Research Focus

The Group of Prof. Rita Bernhardt would like to understand mechanisms of enzyme-catalyzed reactions in order to regulate them in the event of illness or to make them usable for biotechnological application with the help of protein design. We deal in particular with the analysis of cytochrome P450 systems and their applications in biotechnology and medicine.

Cytochrome P450 systems catalyze the following reaction:
RH + O2 + NAD(P)H -------> ROH + H2O + NAD(P)+

The reactions catalyzed by them are very diverse and include, for example hydroxylations, N-, O- and S-dealkylations, sulfoxidationens, epoxidations, deaminations, desulfurization, dehalogenations, peroxidations, and N-oxide reductions. Their substrates are fatty acids, steroids, prostaglandins, but also a great number of other substances, such as drugs, anesthetics, organic solvents, ethanol, alkyl-aryl hydrocarbons, pesticides and carcinogens.
It is obvious that this number of substrates and catalyzed reactions can not be implemented by a few isoforms of cytochrome P450: So far, more than 18 000 P450 genes from different organisms have been identified.
The diversity of the cytochromes P450 and the reactions they catalyze have attracted the interest of researchers from very different directions. Pharmacologists and toxicologists as well as endocrinologists, physiologists, microbiologists, organic chemists, plant physiologists and ecologists work on various aspects of function and regulation of P450:

P450

Basic research projects

  • Characterization of the effects of metabolites and derivatives of the steroid metabolism on the steroid biosynthesis.

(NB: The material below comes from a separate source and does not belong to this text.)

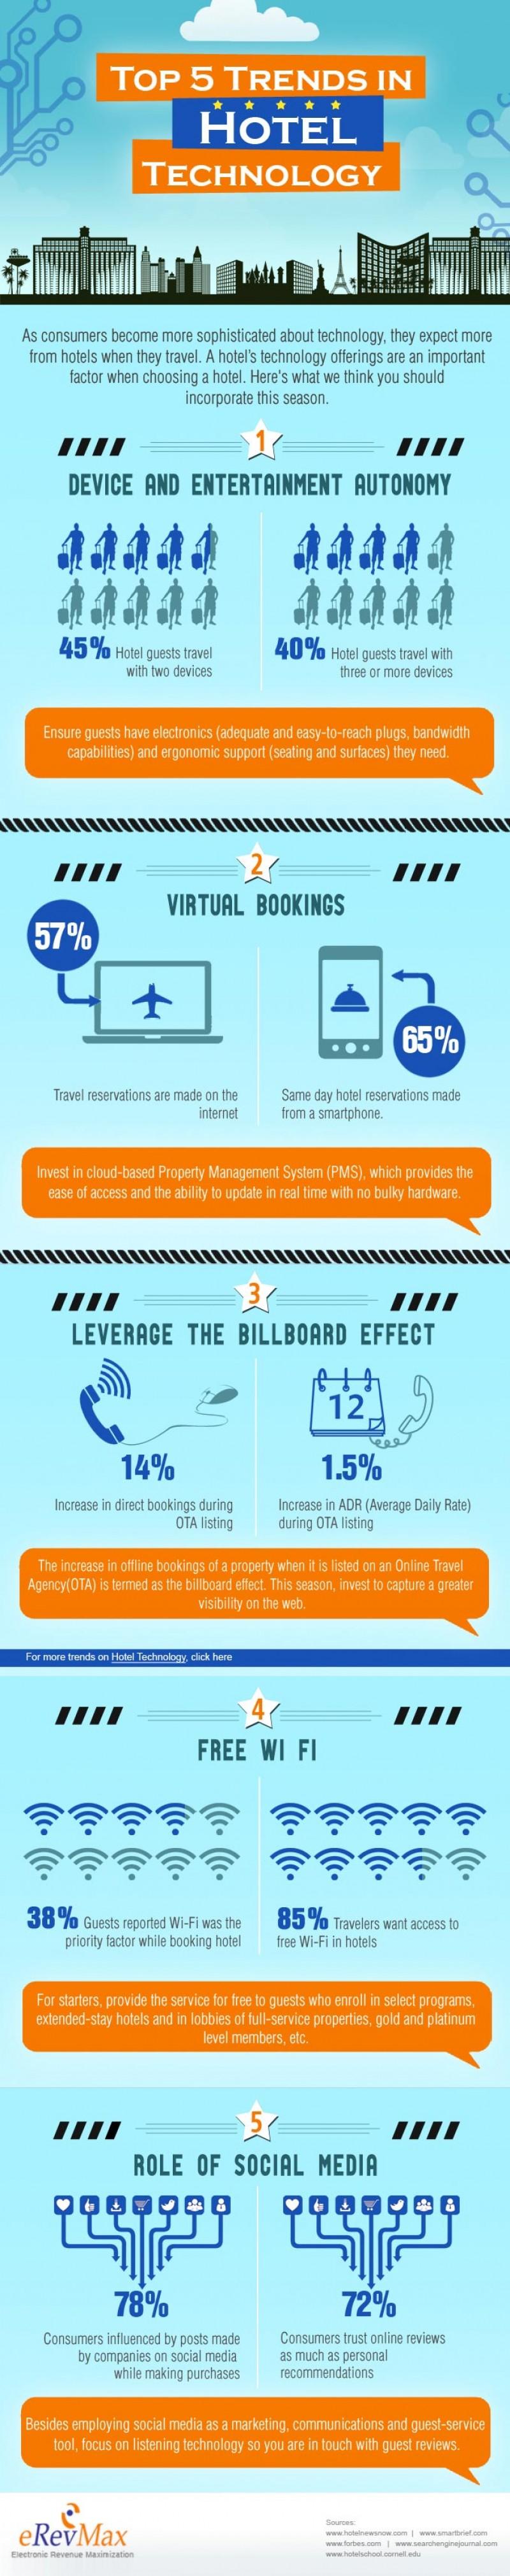 5 tendencias tecnológicas para hoteles

  • Analysis of the structural basis for the stereo-and regioselectivity of hydroxylation, especially of steroids, by cytochrome P450-dependent reactions.

  • Regulation of the speed of the cytochrome P450-dependent hydroxylation. How are electrons transferred from the electron-donor molecule to the steroid hydroxylases? What are the main characteristics of the involved redox chain (ferredoxins, reductases)? How functions the protein-protein interactions?

  • Functional and structural analysis (cloning, expression and characterization) of Cytochromes P450, ferredoxins and FAD-dependent reductases present in Sorangium cellulosum.

  • Elucidation of the structure and function of bacterial steroid and terpenoid hydroxylases from Bacillus megaterium.

  • Applied research projects

  • Optimization of cytochromes P450 for biotechnological synthesis through design and production of efficient biocatalysts.

  • Use of cytochromes P450 for selective steroid hydroxylations.

  • Analysis of the role and use of bacterial cytochromes P450 for the hydroxylation of terpenoids with possible applications in the biosynthesis of new compounds, flavors and fragrances.

  • Analysis of the effects of steroid hormones (eg aldosterone, cortisol) on the genesis of cardiac fibrosis, and the development of systems for the testing of potential inhibitors.

  • Molecular genetic characterization of steroid hydroxylases of patients with defects in the steroid biosynthesis.